Conservation news

Luzon Island in the Philippines is an endemic mammalian hotspot

  • The team, made up of scientists from the United States and the Philippines, has just concluded a 15-year study on Luzon Island, during which they discovered 28 new species of mammals.
  • The 28 new discoveries brought the total number of species of non-flying mammals that are now known to live on Luzon to 56.
  • The researchers were able to determine that 52 of those species occur nowhere else in the world.

A team of researchers has concluded that, in addition to being the Philippines’ largest and most populous island, Luzon Island is also home to the greatest concentration of unique species of mammals in the world.

The team, made up of scientists from the United States and the Philippines, has just concluded a 15-year study on Luzon Island, during which they discovered 28 new species of mammals. The study’s results have been published in the journal Frontiers of Biogeography.

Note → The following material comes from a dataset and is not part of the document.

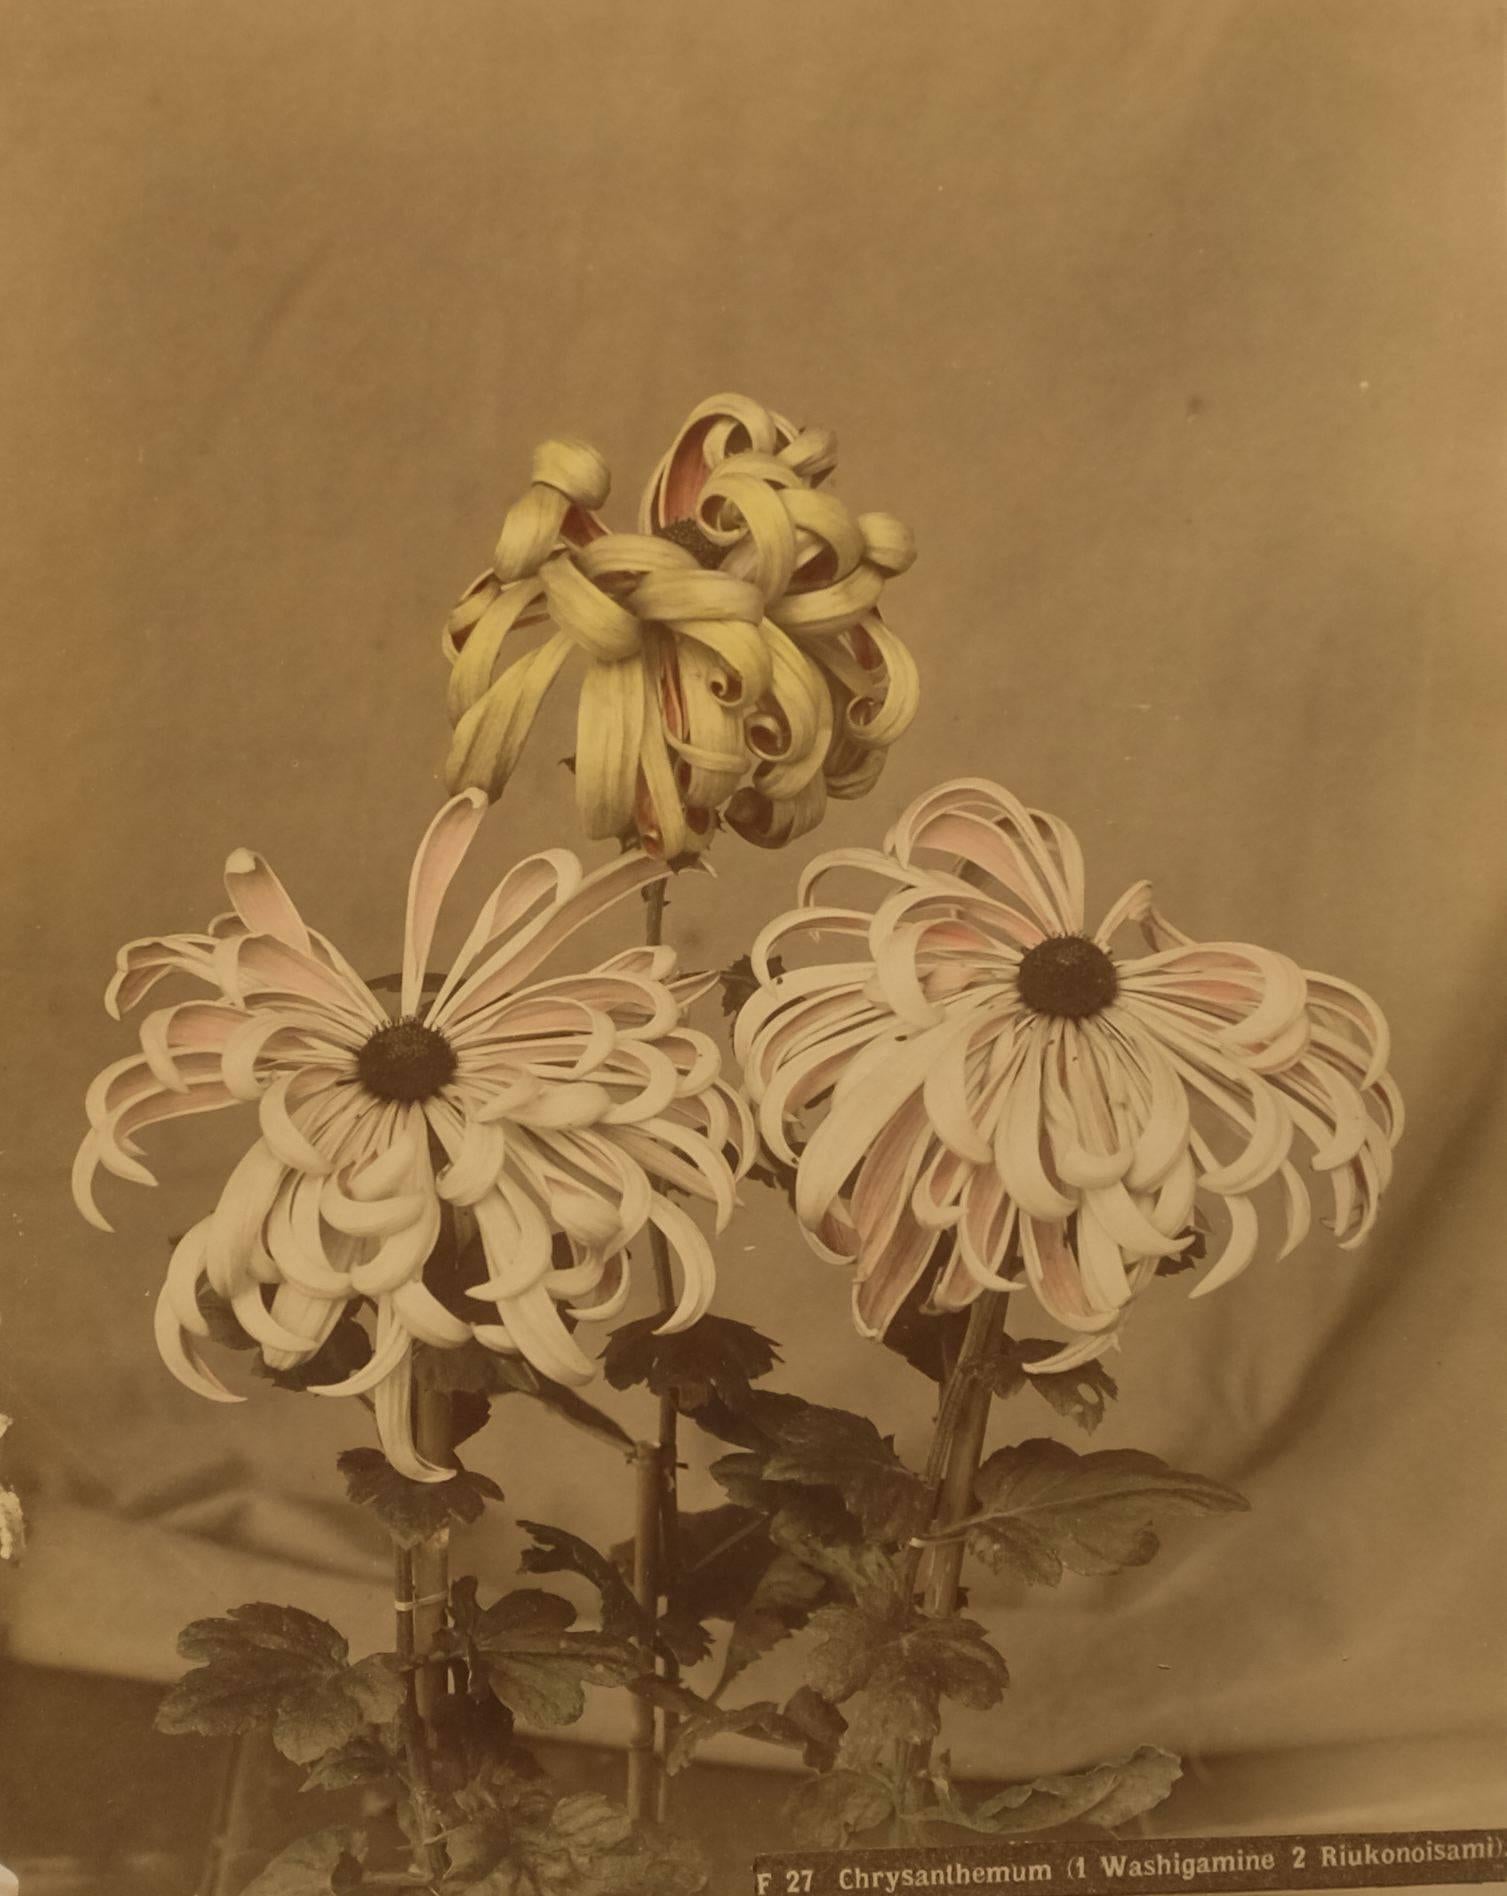 Unknown Still-Life Photograph - Chrysanthemum (1 Washigamine 2 Riukonoisami)

Among the newly encountered species are four tree-mice, tiny creatures with long whiskers that reach nearly to their ankles, as well as five species of mice that look like shrews and primarily feed on earthworms. Most of the new species live in tropical cloud forest high in the mountains, where frequent typhoons can drop four or five meters (12 to 15 feet) of rain per year.

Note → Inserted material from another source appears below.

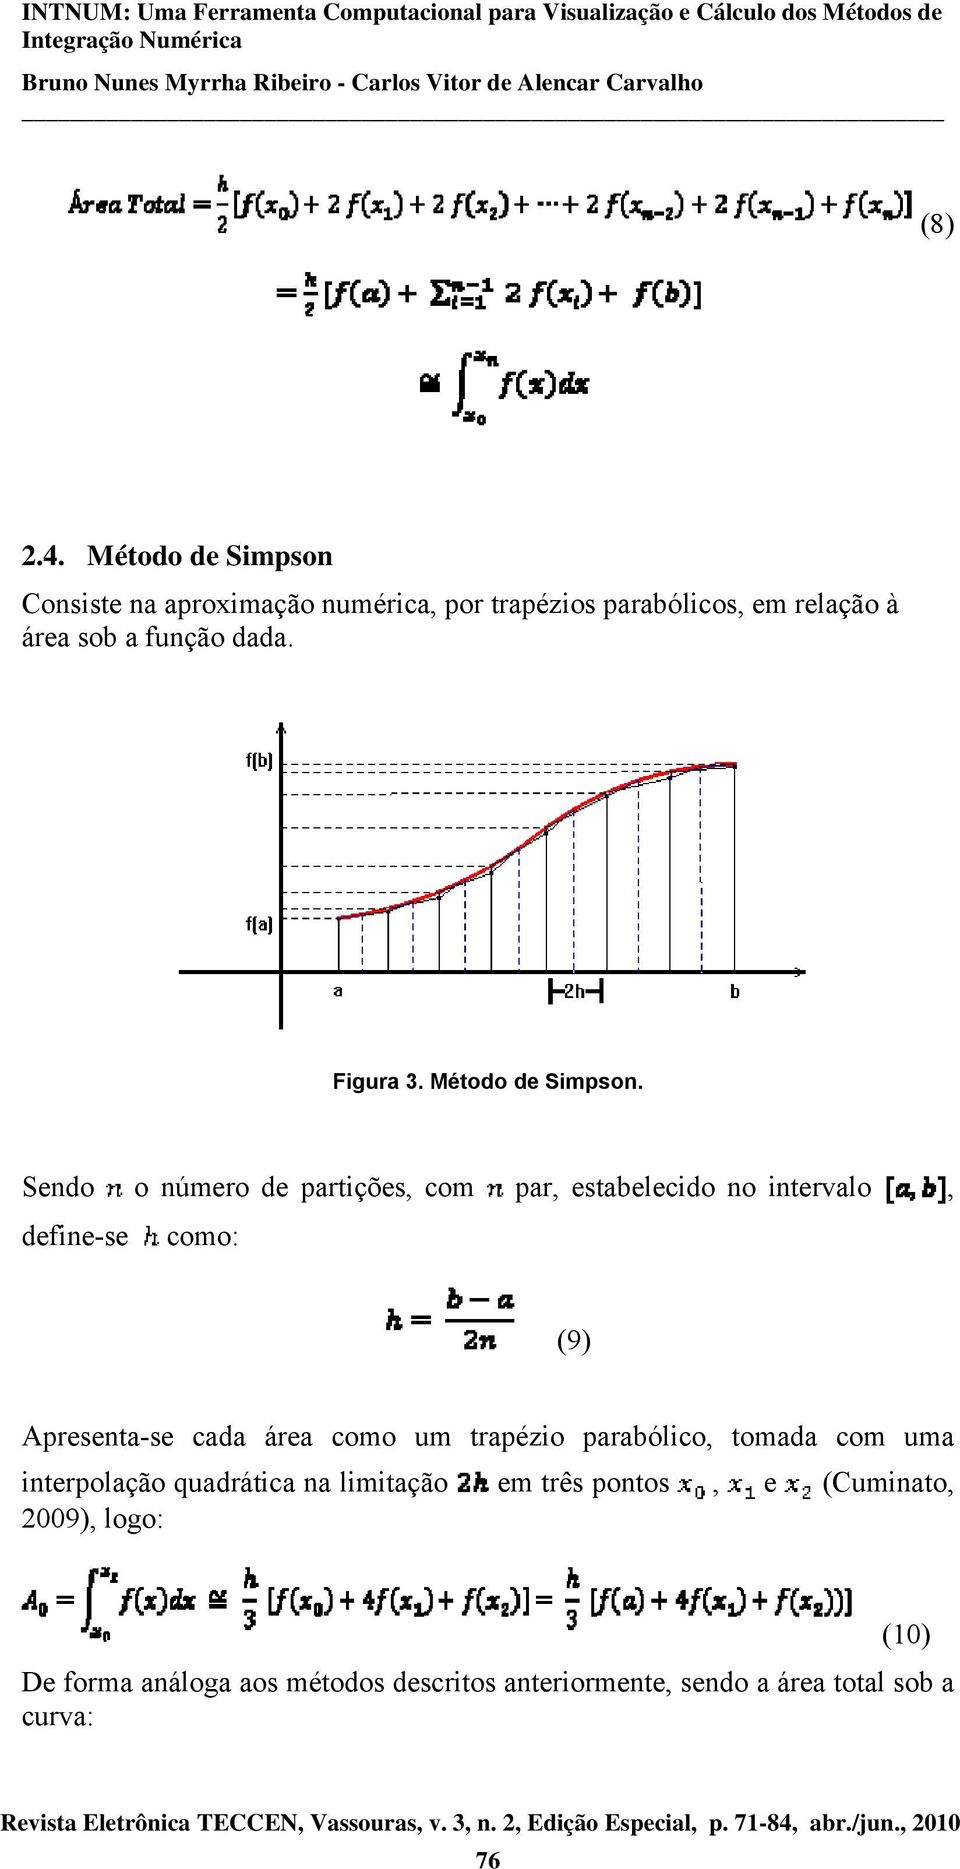 Figura 3. Método de Simpson.

“All 28 of the species we discovered during the project are members of two branches on the tree of life that are confined to the Philippines,” Eric Rickart, a member of the team who is based at the Natural History Museum of Utah, said in a statement.

“There are individual mountains on Luzon that have five species of mammals that live nowhere else. That’s more unique species on one mountain than live in any country in continental Europe. The concentration of unique biodiversity in the Philippines is really staggering.”

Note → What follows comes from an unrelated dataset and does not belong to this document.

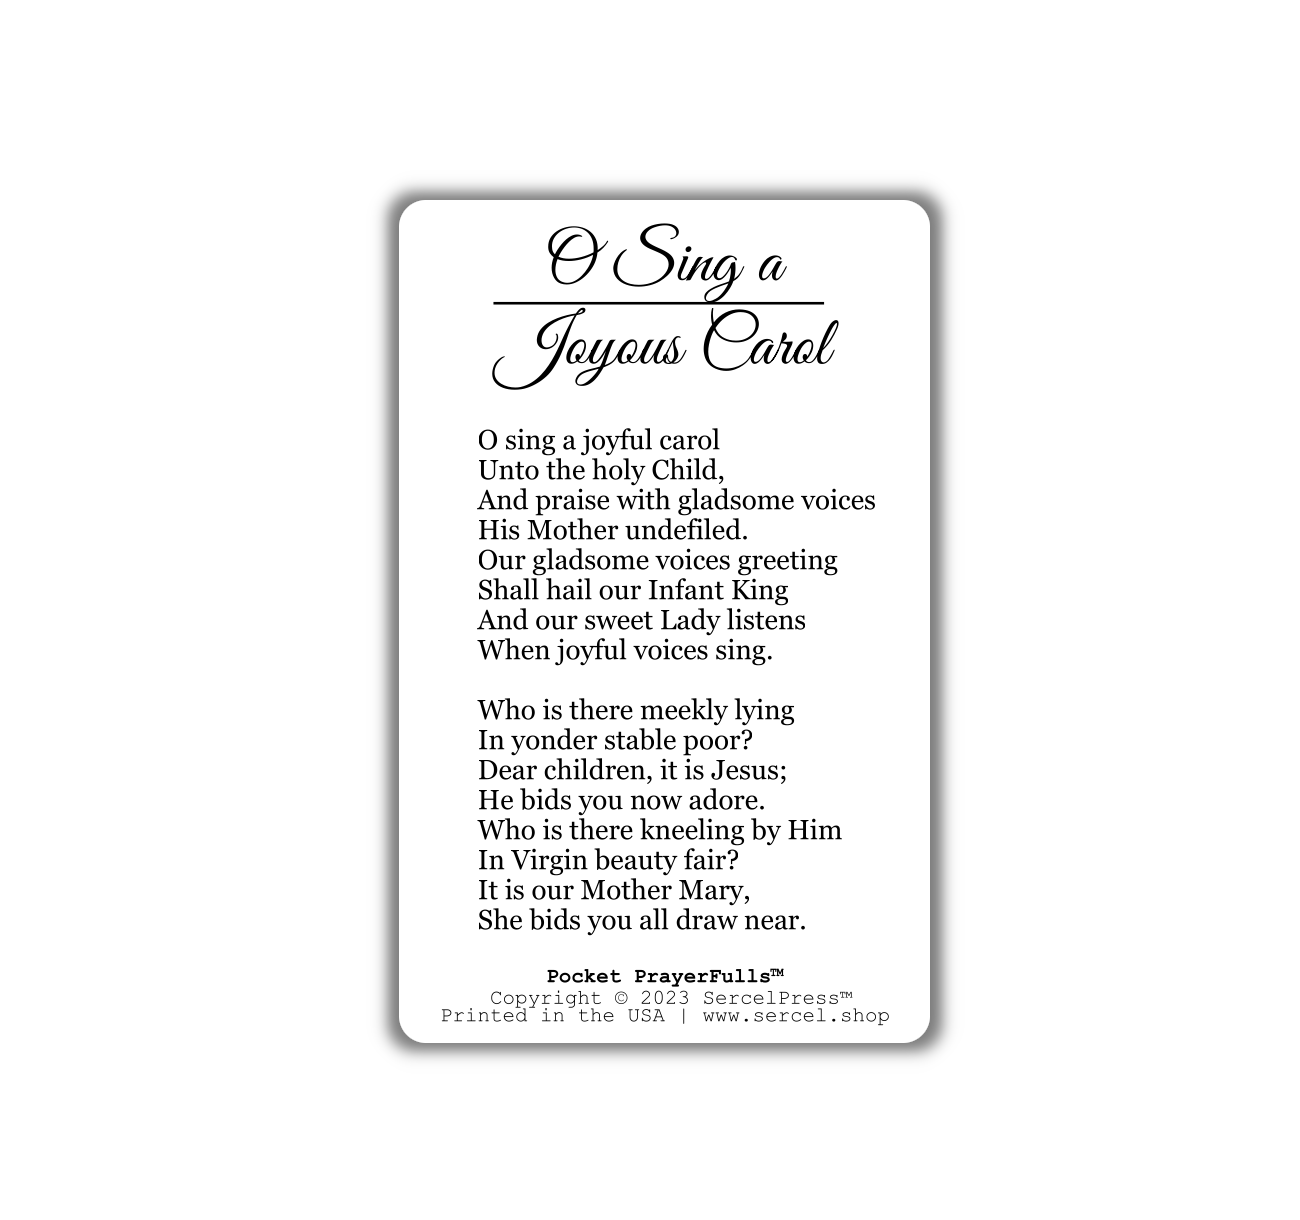 O Sing a Joyous Carol: Pocket PrayerFulls™ | Durable Wallet Prayer Cards | Advent, Christmas, Nativity Gift | Catholic Hymns

A tree-dwelling mouse with whiskers so long that they reach the mouse’s ankles, one of the 28 new species discovered in the course of this study. Photo by Larry Heaney, The Field Museum.

The 28 new discoveries brought the total number of species of non-flying mammals that are now known to live on Luzon to 56. The researchers were able to determine that 52 of those species occur nowhere else in the world. In other words, 93 percent of all of the land mammals found on Luzon are endemic to the island.

“We started our study on Luzon in 2000 because we knew at the time that most of the native mammal species on the island were unique to the island, and we wanted to understand why that is the case,” Lawrence Heaney, who is the Negaunee Curator of Mammals at The Field Museum in Chicago and the study’s lead author, said in a statement. “We did not expect that we would double the number already known.”

Heaney and his co-authors explain in the study that Luzon has never been connected to any continental land mass, meaning the species that live there have evolved in isolation, much like the wildlife of Hawaii. But Luzon is much older and, at about 40,000 square miles, much larger than the Hawaiian islands, meaning it has had a lot more time and space for species that arrived from the Asian mainland to evolve and diversify.

Tropical forest on Luzon Island. Photo by Larry Heaney, The Field Museum.

Also, Luzon’s mountainous terrain creates what scientists call “sky islands,” mountaintops that provide distinctive types of habitat. “The animals are isolated high on the scattered mountains, so they inevitably diverge. Given enough time, you begin to see huge biodiversity,” Heaney said.

The team also endeavored to learn more about the conservation status of the 57 species of bats that live on Luzon, such as the golden-crowned flying fox, one of the heaviest bats in the world at up to two and a half pounds, and the lesser flat-headed bat, which is so tiny that it can roost inside of bamboo stems.

Danny Balete, a research associate with The Field Museum who is based in the Philippines, noted that the country is one of the most heavily deforested in the tropics, and only about seven percent of the old-growth tropical forest remains. Several of Luzon’s bat species are seriously threatened by habitat loss and over-hunting, though none have yet gone extinct.

“Protecting all of these species from extinction is going to be a big challenge,” Balete said. “The good news is that when the native forest is allowed to regenerate, the native mammals move back in, and the pest rats get kicked out.”

Heaney added that learning about the diversity of mammal species on Luzon is crucial to the success of conservation efforts. “In order to be effective at conserving an environment, we have to know what’s out there.”